В былые дни, когда тут жили на широкую ногу, места в доме не хватало, и прислугу пришлось даже поселить в приходских домиках, но хозяину все это было отнюдь не по душе. Теперешний расклад казался ему не в пример лучше. Сейчас каноник стоял в своем излюбленном месте, то есть на ковре у камина в гостиной. Это та самая комната, куда он тридцать лет назад привел свою невесту, и с тех пор по причинам скорее финансового, нежели сентиментального свойства здесь совсем ничего не менялось. Интерьер мог бы показаться несколько старомодным, но составляющие его добротные вещи — ореховый книжный шкаф с выставленными на полке шахматами слоновой кости, бюро с остекленными дверцами, по тринадцать стеклышек в каждой створке, кресло в стиле королевы Анны, со спинкой в семь футов, персидский ковер — свадебный подарок младшей сестры, матери мистера Кэмпиона, — все они, благодаря бережному обращению и покойной жизни с годами обрели некое особое достоинство и значительность, и стали чем-то похожи на своего владельца. Правда, теперь каноник стоял там совершенно расстроенный. Мэг, вернувшись с вокзала, рассказала ему все, а ему это показалось столь невероятно, что он поначалу не поверил. Она заплакала и поднялась к себе, оставив его подавленным и в то же время весьма озадаченным. Его книги в соседнем кабинете, разложенные в удобном беспорядке, ждали, что он вернется туда, в их мир — мир покоя и здравомыслия, но старый Эйврил мужественно сопротивлялся их зову.

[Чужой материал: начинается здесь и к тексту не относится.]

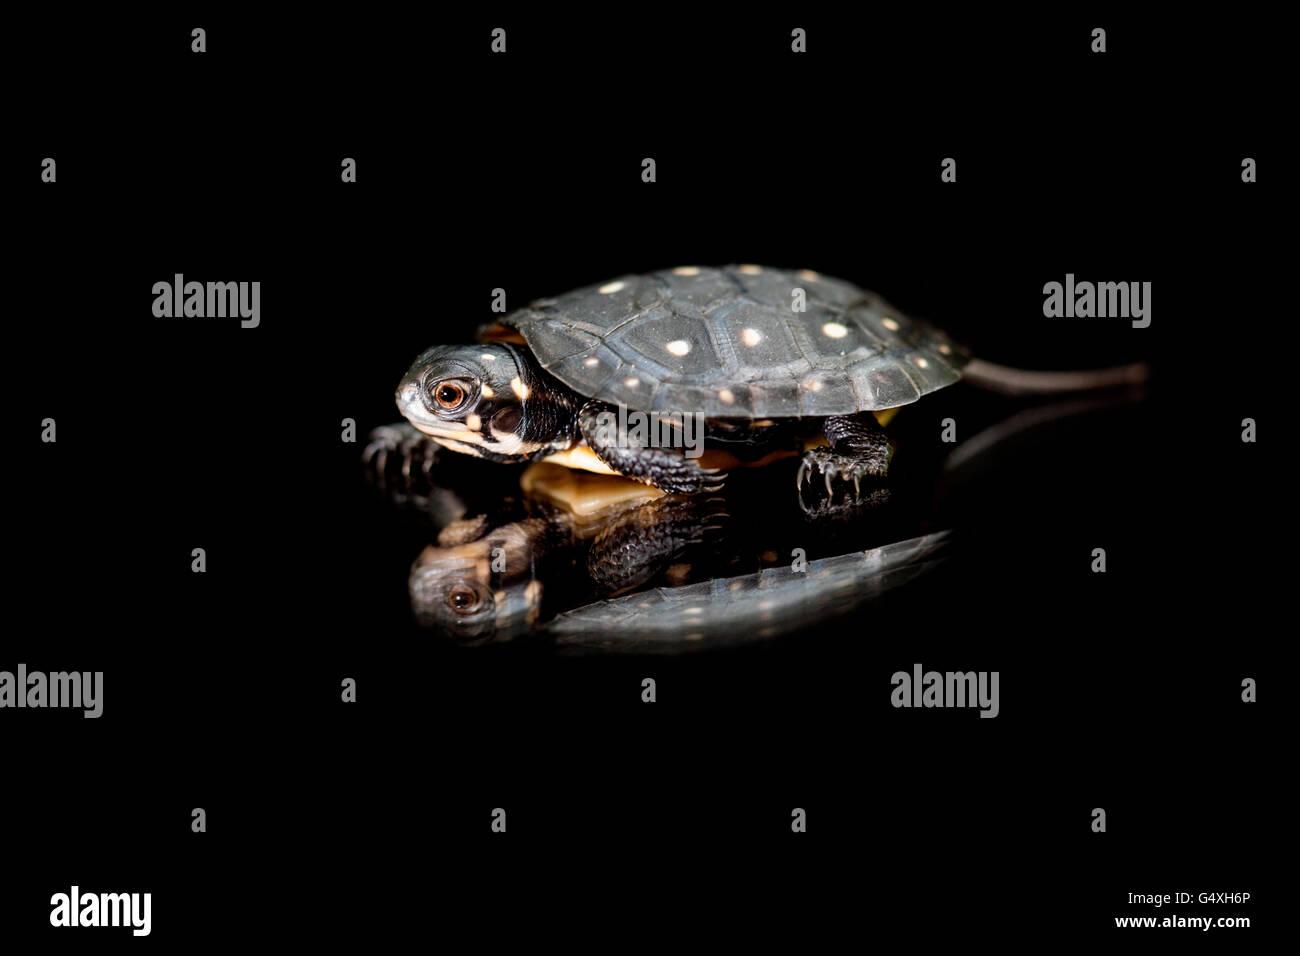 Bebé tortuga (Clemmys guttata) [cautiva] - Brownsville, Texas, EE.UU. Imagen De Stock

Вообще-то он был счастливейшим из смертных. От жизни он требовал так мало, что скудным ее дарам не уставал радоваться и восхищаться. Чем старше и беднее он становился, тем больше спокойствия и мира излучало его тонкое кроткое лицо. То был во многих отношениях несносный человек, с особым взглядом на жизнь — ясным, но чуть смещенным, приводящим всех его коллег в легкое замешательство. Его никто не боялся, простой народ любил и защищал его, как обычно защищает помешанных, и никому другому из ныне живущих духовных лиц еще не удалось вывести из себя стольких добрых христиан.
Знаменитый доктор Поттер, короткое время бывший епископом Лондонским, который в девяностые годы учился вместе с ним в Кембридже, однажды слышал в его исполнении искрометную проповедь на тему какой-то маловразумительной ереси, которую тот прочел перед собранием прихожан в составе четверых лавочников с семействами, пяти маленьких мальчиков и одной глухой старой леди — в то время как оценить подобную проповедь по достоинству во всей Англии смогла бы от силы дюжина знатоков. Когда доктор заметил своему однокашнику, что, мол, вряд ли кто понял, что он, каноник, имел в виду, тот сжал его локоть и не без удовольствия хихикнул: «Конечно, дружище, — а если бы и понял, вот бы удивился!»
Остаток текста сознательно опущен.